La troisième proposition du rapport tend à aligner la durée de la formation initiale des surveillants sur celle des gardiens de la paix, afin d’améliorer la professionnalisation de l’ensemble de la filière. Cette recommandation procède d’une philosophie louable. Néanmoins, une telle réforme nécessiterait des moyens financiers et humains significatifs, au risque de rester un vœu pieux. Pouvez-vous nous éclairer sur les crédits qui seraient nécessaires pour que cette proposition dépasse le stade des mots et entre de plain-pied dans le domaine des actes ?
(Applaudissements sur les bancs du groupe Dem.) La parole est à M. le garde des sceaux. D’abord, monsieur Cubertafon, je suis ravi de vous revoir. Nous nous sommes rencontrés tout à l’heure à Périgueux ; je venais de Bergerac, où nous avons inauguré un centre éducatif fermé. Il y a les mots, et il y a les actes. Vous, c’est beaucoup de mots, peu d’actes ! Ce centre flambant neuf accueillera très prochainement une douzaine de mineurs délinquants et vingt-sept professionnels.
La formation initiale des surveillants est essentielle.
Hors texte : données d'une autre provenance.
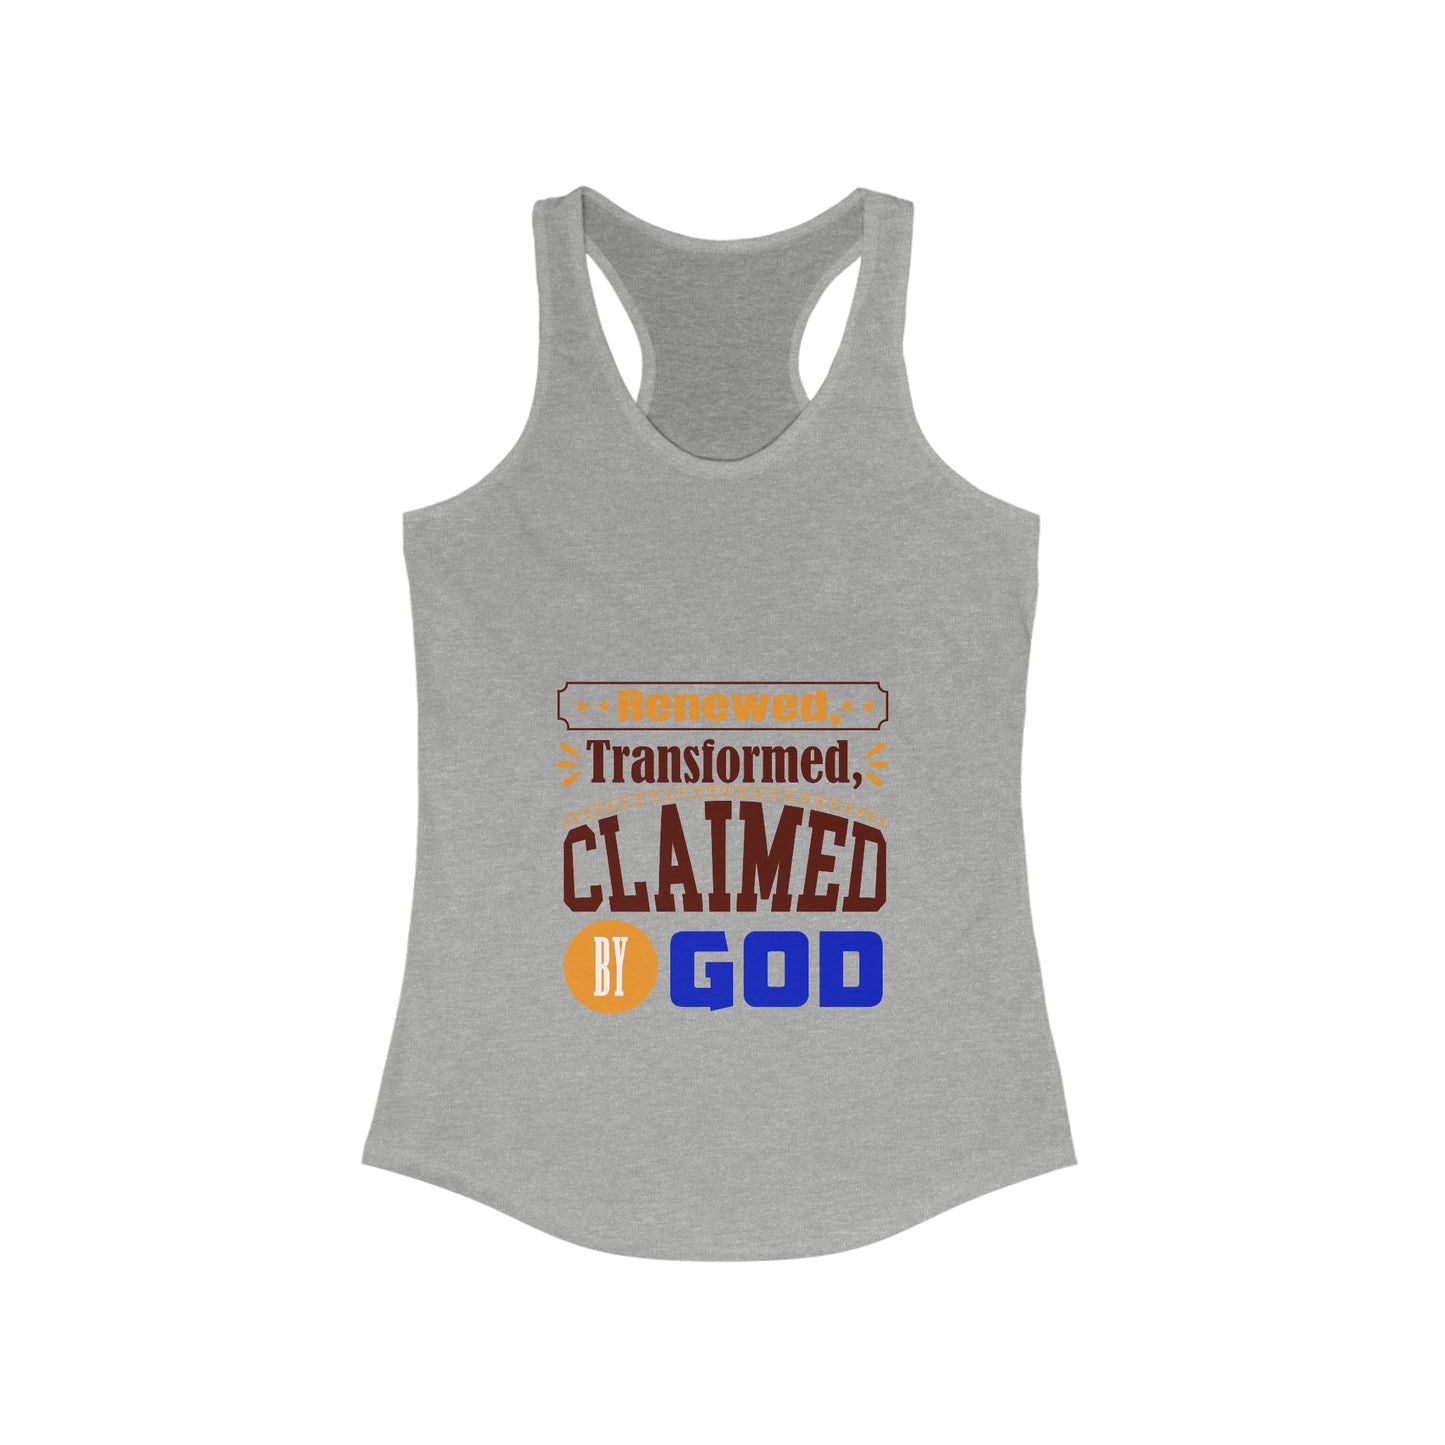 Renewed, Transformed, Claimed By God Slim Fit Tank-top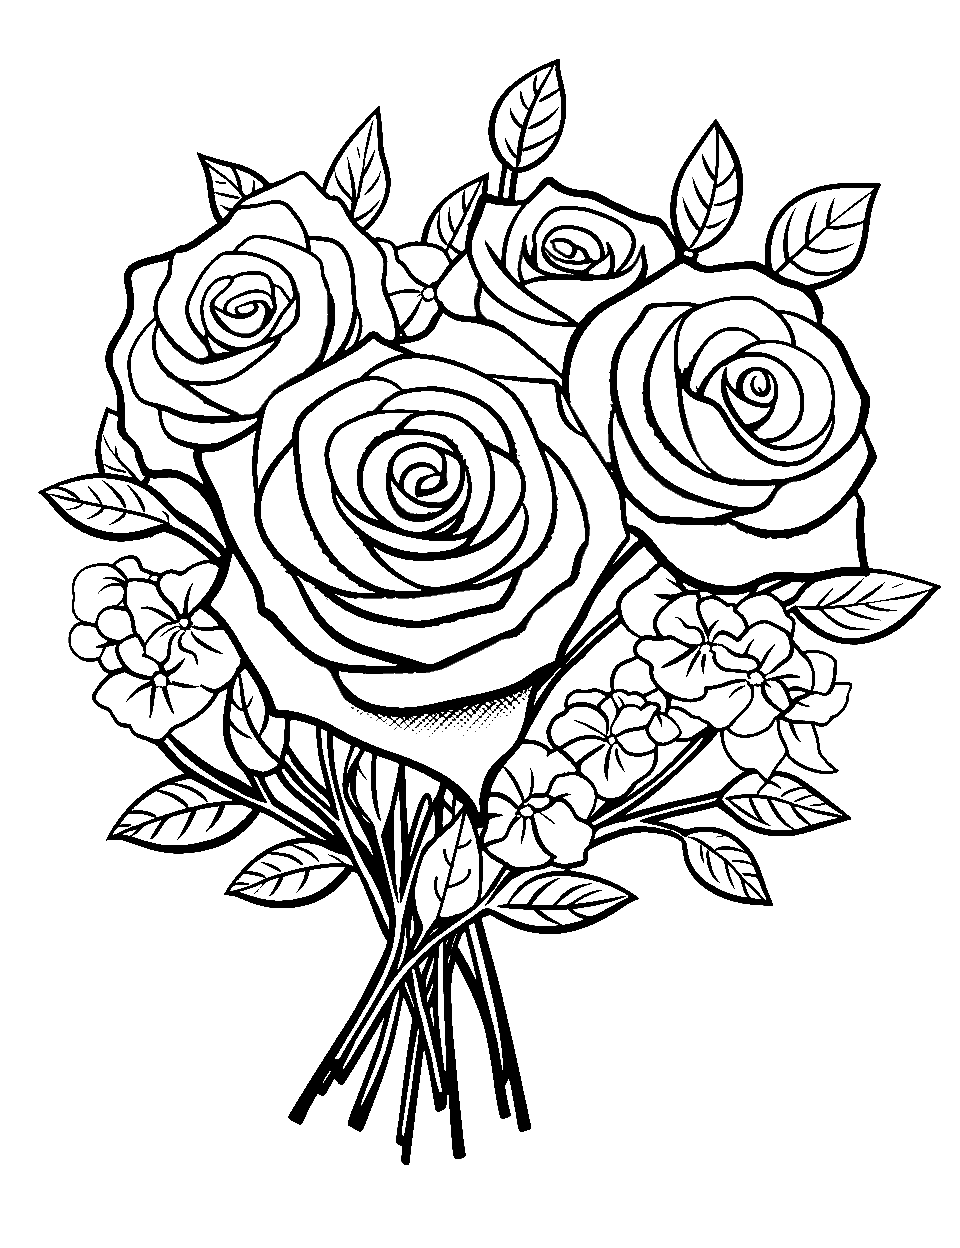 Detailed Rose Bouquet Coloring Page - A detailed bouquet featuring roses of various sizes and states of bloom.

Ils sont chargés d’assurer la sécurité de nos concitoyens, dans un milieu particulièrement difficile. Leur autre tâche est de favoriser la réinsertion des publics confiés à l’administration pénitentiaire. Face à ces enjeux, la durée de la formation – six mois de scolarité et douze mois de stage probatoire – et son contenu ont déjà été repensés en 2018. Les enseignements ont été densifiés ; l’accent a été porté sur les aspects fondamentaux du métier de surveillant, avec une part importante accordée aux périodes de stage, pour favoriser la professionnalisation des agents. En outre, cette formation fait l’objet d’adaptations régulières, afin de mieux prendre en considération la diversité des missions d’un surveillant.
Le rapport évoque le contenu de la formation initiale ; il s’agit d’une des questions fondamentales abordées lors des états généraux de la justice. En fonction des conclusions des différents groupes de travail, elle pourra être amenée à évoluer, y compris par un allongement de sa durée. Il faut approfondir l’idée pour bien identifier les besoins, définir le contenu de l’apprentissage initial, déterminer les modalités de la réorganisation du cursus de l’École nationale de l’administration pénitentiaire (ENAP) et, bien sûr, articuler les temps de formation à l’École avec ceux sur le terrain.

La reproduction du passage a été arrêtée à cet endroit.